AESPA ウィンターが楽曲「マイワールド」で着用したのはULKIN LSD collection [Artisanal Upcycling Camouflage Dress]
男女問わず私服で着る有名人が続出「MÜNN(ムン)」
NCTのテンはMöbius MA-1を着用。他のNCTメンバーの着用も「ムン」公式インスタグラムにて着こなしを披露している。
MÜNN(ムン)は、2013年にクリエイティブディレクターのヒョンミン・ハンによって設立され、従来の画一的な生産方法から「DEFAMILIARIZATION(分離)」した、革新的な方法で衣服を製造している。

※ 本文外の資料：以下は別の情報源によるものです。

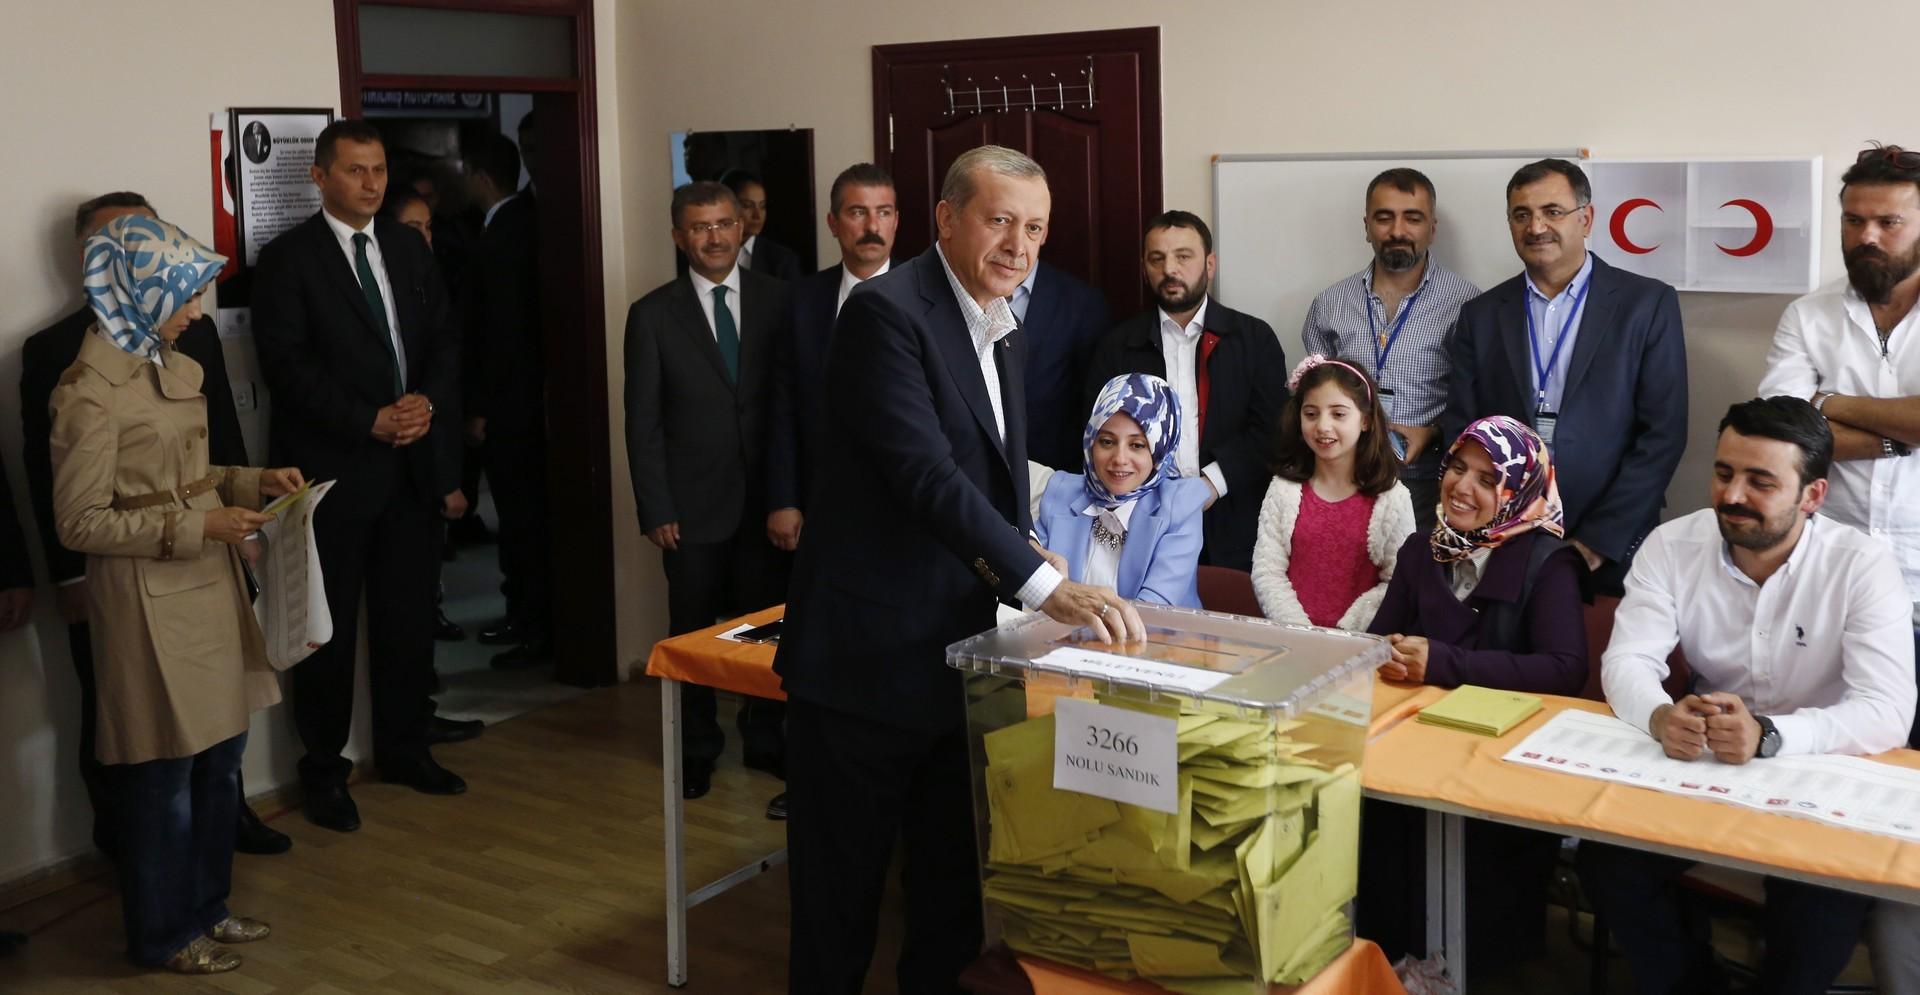 دميرتاش: أردوغان وحزبه أوقفا العملية الديمقراطية في تركيا

60年代のオーダーメイドにインスピレーションを得て、縫製方法を革新し、新しいシルエットを生み出した。また、ファッション業界の環境への負荷を認識し、持続可能性を最優先に考えている。使用する生地の50%は環境に優しい方法で製造され、動物虐待にも反対している。

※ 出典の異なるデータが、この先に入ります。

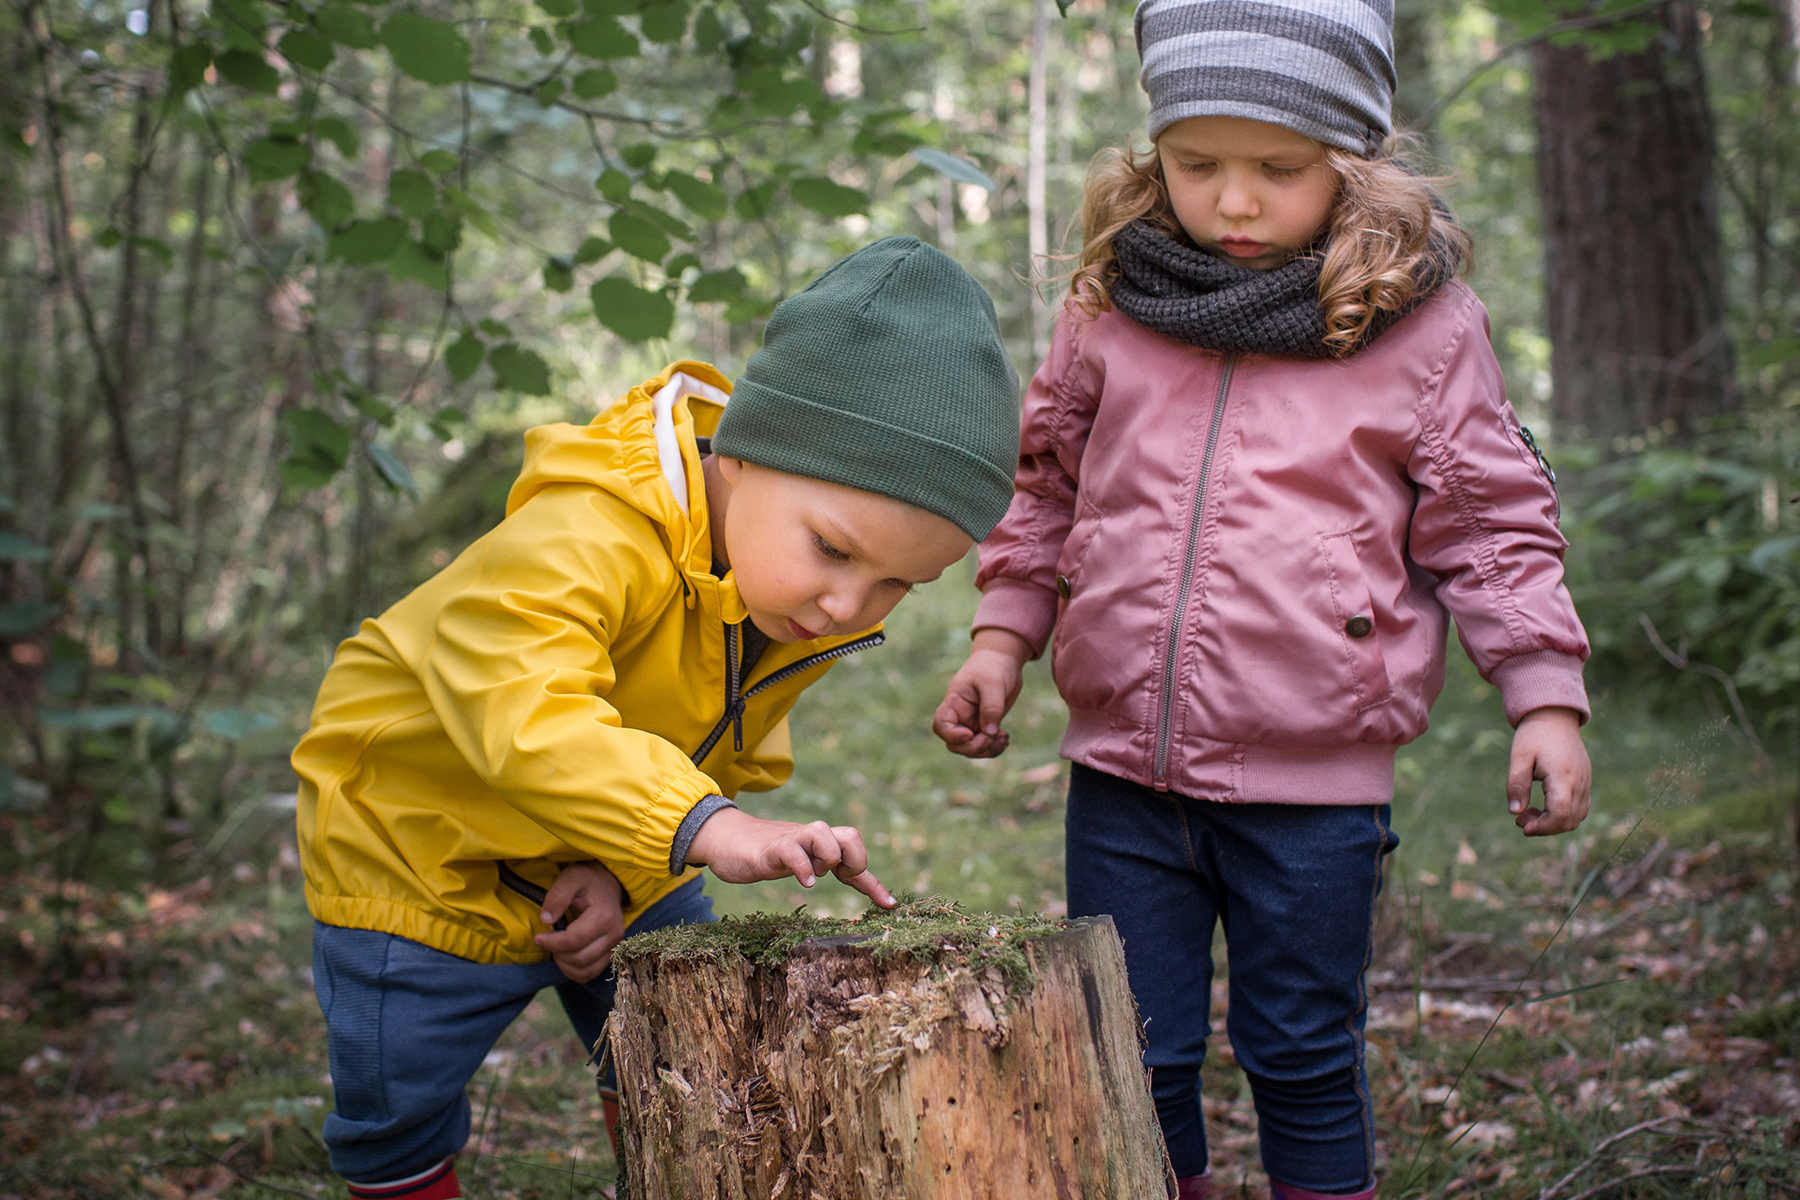 ¿Qué ropa de recambio necesitan los niños en la guardería?

ジェニのソロデビューアルバム「ルビー」を飾る「LEJE(レジェ)」
新アルバム「RUBY(ルビー)]のために提供された「レジェ」によりカスタムルック
LEJE(レジェ)は、韓国出身のデザイナーによって2018年にパリで設立されたブランド。伝統的な手工芸と持続可能な素材を融合させ、革新的なデザインを展開している。大胆なカッティングとモダンなシルエットを特徴とし、アジアのファッション概念に挑戦。Artisanalコレクションでは、シーズンごとに1つのアイテムで独自の芸術哲学を表現し、数量限定で生産されている。
代々木上原のセレクトショップ「BREATH BY DELTA」にて行われたソウル発のブランドをテーマとするポップアップにも参加。レジェと岡山県のデニムメーカー「<ITONAMI>(イトナミ)」が手がける再生デニムを使用したコラボ企画では、アーカイブから選ばれたダンガリーシャツとデニムパンツが、2種類の再生デニム生地で限定アイテムとして登場した。
ポップアップイベント「SEOUL SLOW FASHION CASE STUDY」にて披露されたコラボアイテム クロップド丈のダンガリーシャツとデニムパンツ
ブラックピンクのMVで人気に火が付いた「Danha(ダンハ)」
韓国の伝統衣装「韓服(はんぼく)」をベースにしたサステナブルブランド。4回程度着られたら廃棄されてしまうという、韓服のウェディングドレスに着目し、それらをアップサイクルして日常で着られる服や美しいドレスを作っている。ブラックピンクのMV「How You Like That」でメンバーが着用し、ショートパンツやロングブーツと合わせたモードな着こなしが話題になった。また、メンバー自身も環境課題についてスピークアップしている。COP26の開催中に発表した動画では「気候変動への対応は、現代において最も重要な課題」としたうえで行動を起こすよう世界に呼びかけた。